Coup de massue sur les bailleurs sociaux et par ricochet sur tout le secteur du bâtiment des Hauts-de-France. Bailleurs sociaux, collectivités, fédération du bâtiment, associations de locataires et même fédération des promoteurs immobiliers se sont réunis jeudi 12 octobre 2017 à Lille pour détailler les impacts particulièrement dévastateurs sur la région Hauts-de-France (voir encadré ci-dessous) de la loi de finance 2018.

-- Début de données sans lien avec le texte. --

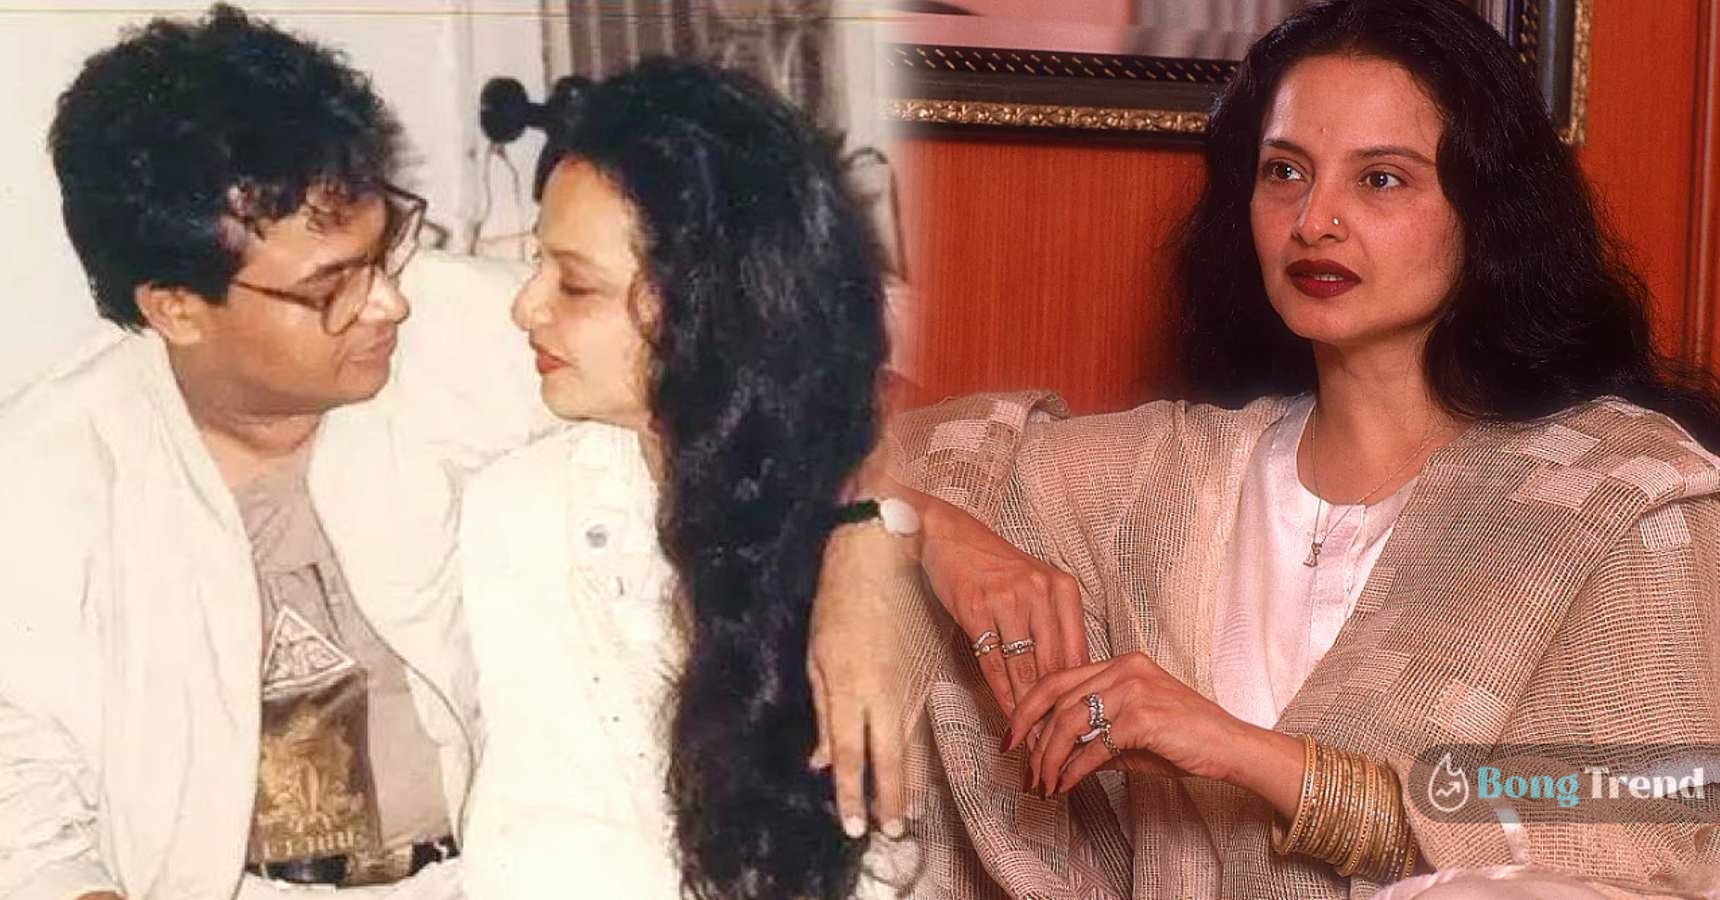 what Rekha's Husaband Mukesh Agarwal wrote in his Suicide note

Dans la région de France, la plus dépendante des aides sociales et notamment des APL, l’annonce de la future baisse des loyers imposée aux bailleurs sociaux pour compenser les baisses d’APL des locataires éligibles – jusqu’à 60 euros par mois et, ce, dès le 1er janvier 2018 – a fait l’effet d’un tsunami. «Dans les Hauts-de-France, 50% des locataires du parc social bénéficient d’une aide au logement contre seulement 35% en Ile-de-France. Les problématiques ne sont pas du tout les mêmes», met en avant Sylvie Ruin, directrice de l’Union régionale pour l’habitat (URH) des Hauts-de-France.

 

230 millions d’euros de pertes par an

 

«Pour les offices et les ESH de la région Hauts-de-France, les baisses de loyers vont entraîner une perte de ressource de 230 millions d’euros par an. Ces pertes correspondent à l’investissement en propre destiné à construire du logement neuf ou à faire de grosses réhabilitations. Mathématiquement ces investissements n’auront plus lieux», résume Jean-Pierre René président de l’URH Hauts-de-France.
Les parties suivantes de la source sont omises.